▶ INPUT DATA:
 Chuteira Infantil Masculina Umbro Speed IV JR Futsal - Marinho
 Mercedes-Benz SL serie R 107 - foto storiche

==

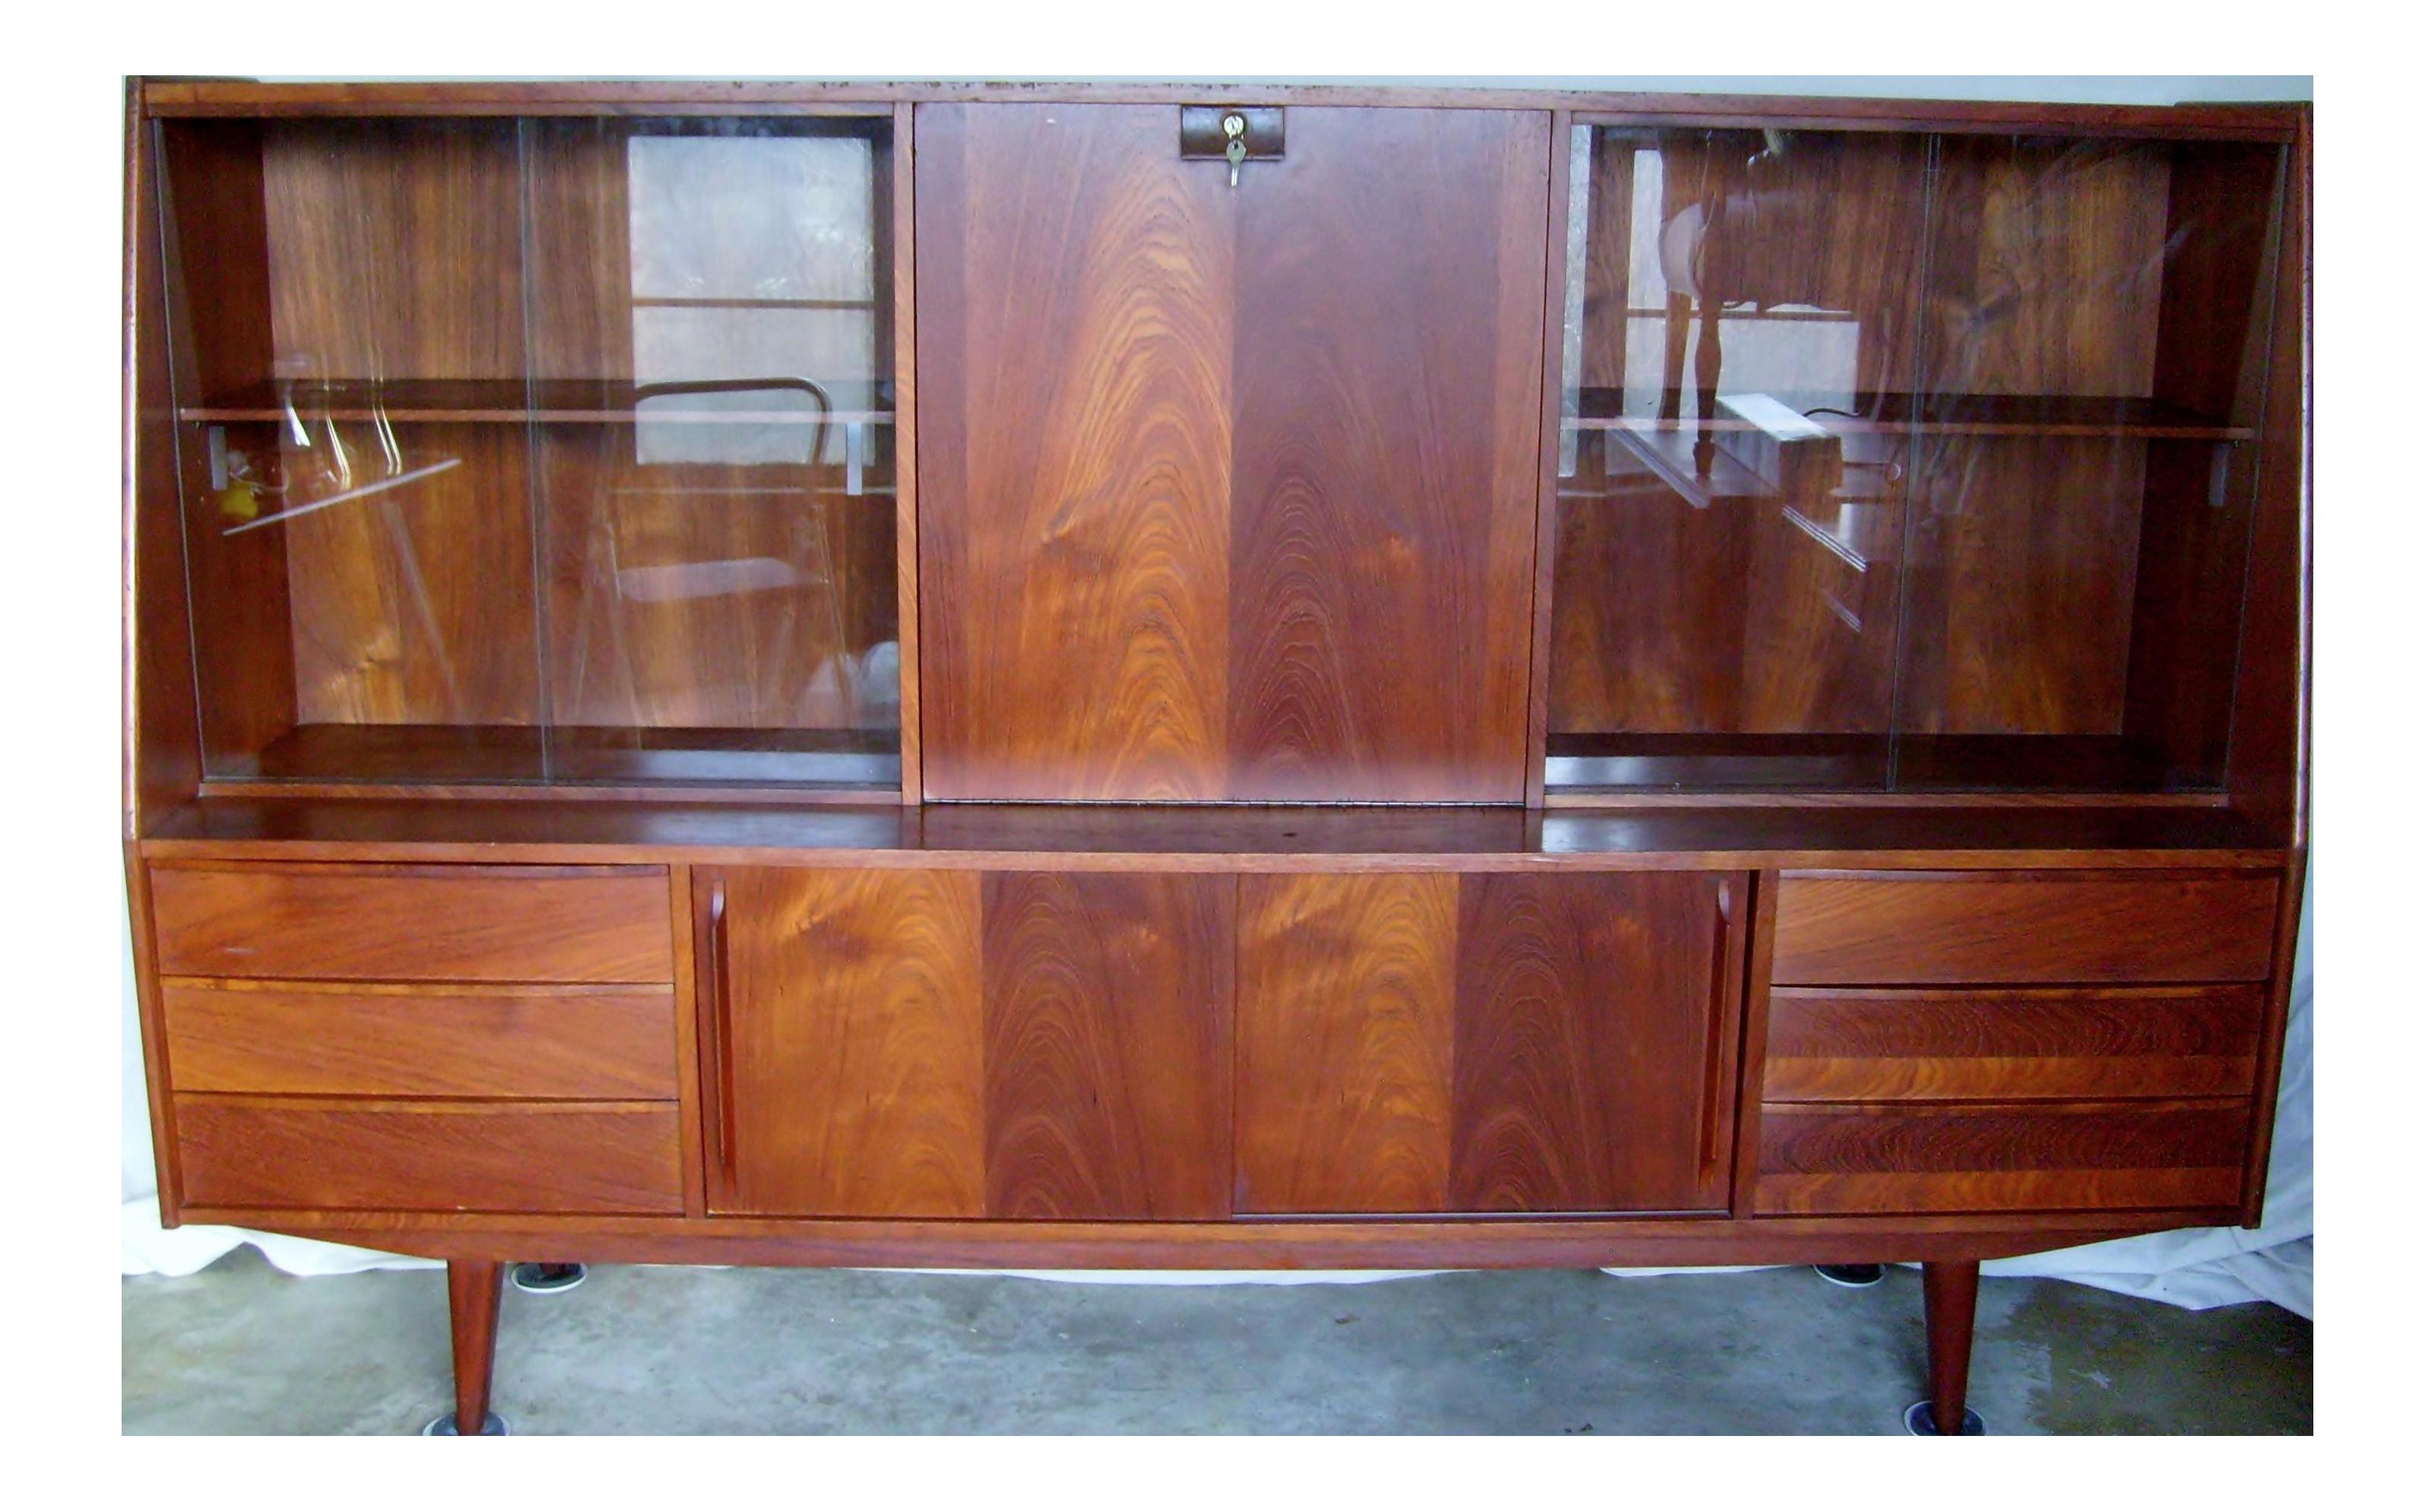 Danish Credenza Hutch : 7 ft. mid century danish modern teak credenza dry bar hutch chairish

▶ TASK STATEMENT: Only the lines above starting at the line that holds "Chuteira Infantil Masculina" and ending at the line that holds "Mercedes-Benz SL serie R 107 - foto storiche" are to be repeated, exactly and in full.

▶ EXERCISE ANSWER:
 Chuteira Infantil Masculina Umbro Speed IV JR Futsal - Marinho
 Mercedes-Benz SL serie R 107 - foto storiche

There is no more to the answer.